Schools minister Stephen Byers’s remark that he wanted “a General Teaching Council, not a General Teachers’ Council” originates from the Scottish GTC. Ivor Sutherland insists that any nomination by unions would be dangerous. “The GTC must walk a tightrope between being seen to be in the pocket of the Government or the teacher unions.”

Nigel de Gruchy, general secretary of the National Association of Schoolmasters Union of Women Teachers, argues (see page 12) that without union representation the English GTC will be a toothless puppet, while Fred Forrester, deputy general secretary of the Educational Institute of Scotland, says he works happily alongside the GTC: “We put up a slate of official EIS candidates. We would rather have direct elections with the chance to influence it in this way than block union nominations.”

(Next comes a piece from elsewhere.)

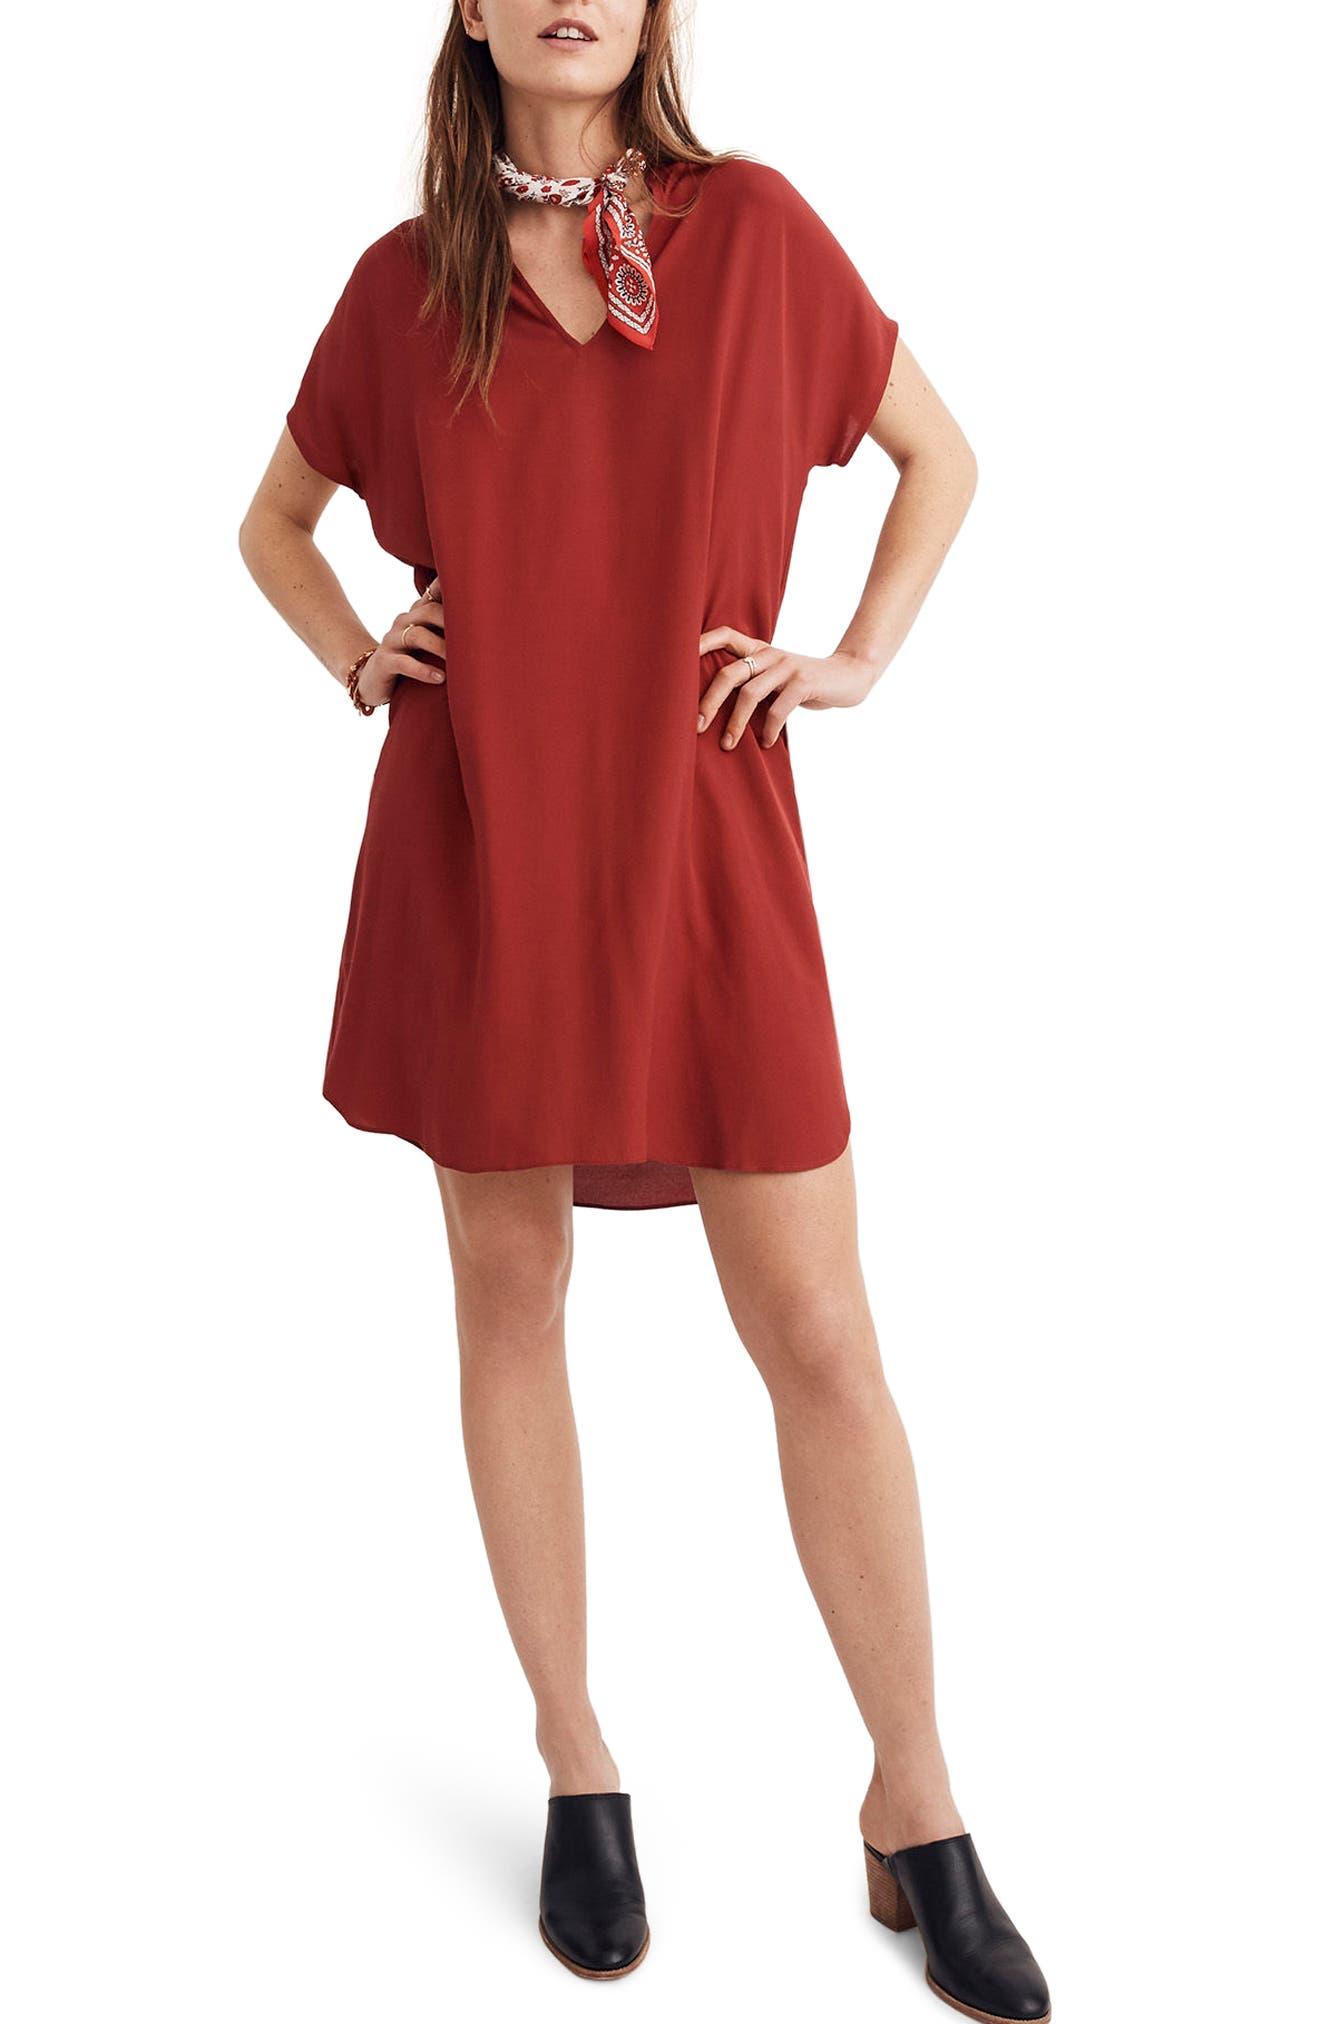 Madewell Bicoastal Dress

The biggest difference between England and Scotland is that in Scotland the vicious circle in which the profession cannot attract top graduates because of its low status - thus ensuring that it continues to have low status - seems to have been broken. There are 10 applicants for every place on some courses, and there is no shortage of applicants for subjects such as physics. Nigel de Gruchy says that “the brutal reality is that high status comes from a high salary”. But salaries in Scotland are more or less the same as those in England.

Ivor Sutherland insists that “research indicates that status is more important than money ... a profession that insists on high standards will eventually accrue high status. But teachers here haven’t had quite the same bashing as the profession south of the border.”